Please note: Scorpion Biological Services changed its name to Scorpius Biomanufacturing in January 2023.
As the biomanufacturing industry experiences unprecedented growth, Scorpion Biological Services is preparing to break ground on a state-of-the-art biomanufacturing facility in Manhattan this fall. The domestic need for a commercial-scale facility such as this is great.
“One thing we learned from the global pandemic is that the capacity of the U.S. to manufacture vaccines and biological medicines is fairly limited,” David Halverson, president of Scorpion, said. “A large percentage of that capability sits in China, Korea and India. Putting biomanufacturing back in the U.S. will enable us to hold our own in the event of another national emergency.”
On-shoring that capability will also enhance the U.S. Strategic National Stockpile (SNS), further protecting the country in the event of a public health crisis. The company intends to acquire or develop vaccines that can contribute to the SNS.
“The proximity of Fort Riley was one of our selection criteria when we were scouting potential locations. Having access to the airstrip and railhead, plus being centrally located in the U.S. with equal access to both coasts, was a very important consideration for us given our goal to be a pivotal provider for the SNS,” Halverson said. “The distribution of vaccines and medications that we’ll manufacture is going to be paramount.”
As part of the effort to increase domestic biomanufacturing capabilities, the company has made working with U.S.-based vendors a priority.

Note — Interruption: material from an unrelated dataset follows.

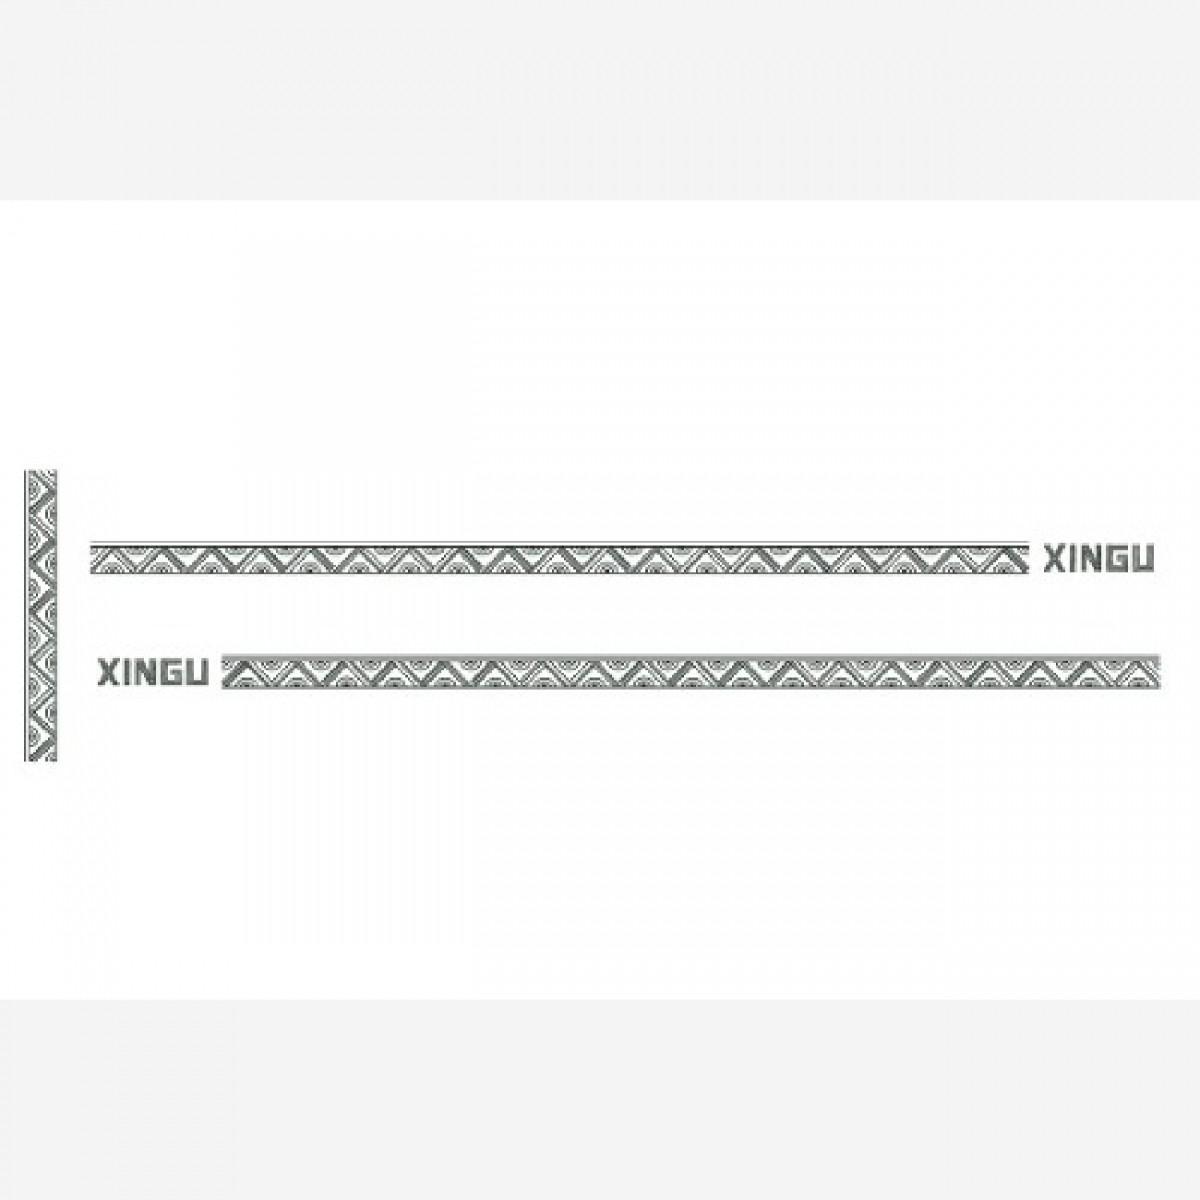 Adesivo Logo Faixa Fiat Doblo Xingu Kit Completo

“We’re going to great lengths to keep our supply chain within the U.S. wherever possible,“ Halverson said. “I think it’s really important to have a biomanufacturing facility in the U.S. and to have it centrally located with a local contingent to support the infrastructure.”

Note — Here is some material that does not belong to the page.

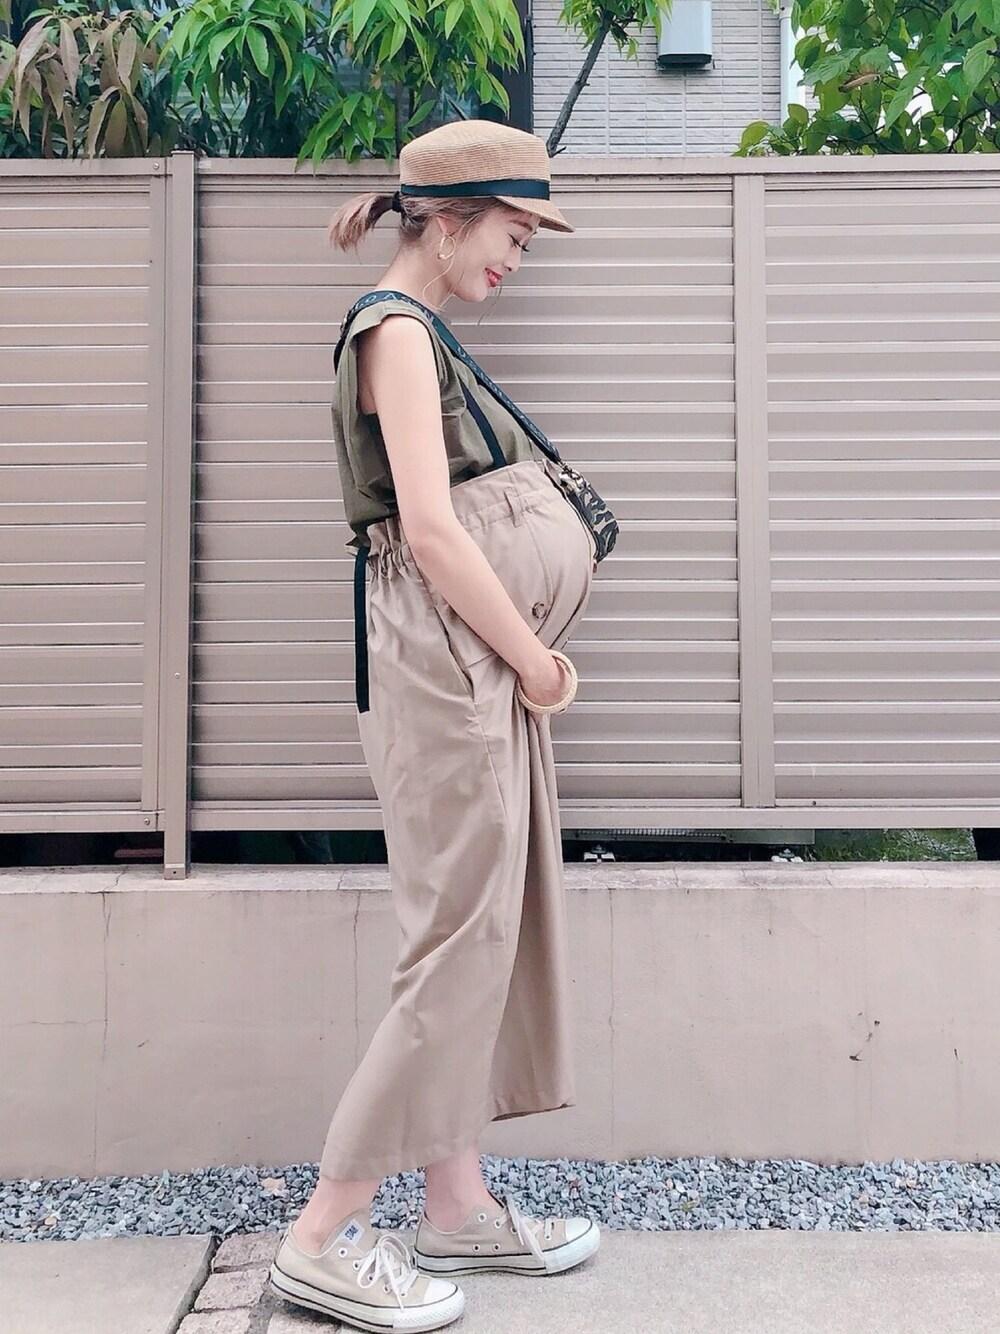 マタニティコーデ 30代妊婦 通販 Sweet mommy スカート 夏服

In addition to being a strategic location for logistics, the Greater Manhattan region appealed to Scorpion for its access to assets at Kansas State University like the Biosecurity Research Institute.
“We’re working on a partnership with BRI. That’s an important piece for us because they’re doing investigational research and development in the areas we’re working in,” Halverson said. “K-State has a tremendous amount of expertise. Having them available with their core competencies and labs is an invaluable asset for us.”
The company is also working with K-State and Manhattan Area Technical College to deliver training to the local workforce.
“K-State and MATC have been phenomenal,” Halverson said. “We’ve offered to be a commercial partner in some grants to supplement their ability to bring core classes and instrumentation to students in the near term.”
Scorpion, a subsidiary of Nighthawk Biosciences Inc., is a contract research organization (CRO) and contract development and manufacturing organization (CDMO), meaning they will work with third parties to produce vaccines, therapeutics and other biopharmaceuticals for humans.
“We’re not beholden to one company’s drugs. We’re constantly getting new drugs from large pharma, small pharma and academia,” Halverson said. “We’re building, developing and researching drugs to get them to market. It’s a rewarding position. If you work on a drug that gets to market, you could personally have helped tens of thousands of people. That’s what keeps me getting up in the morning every day.”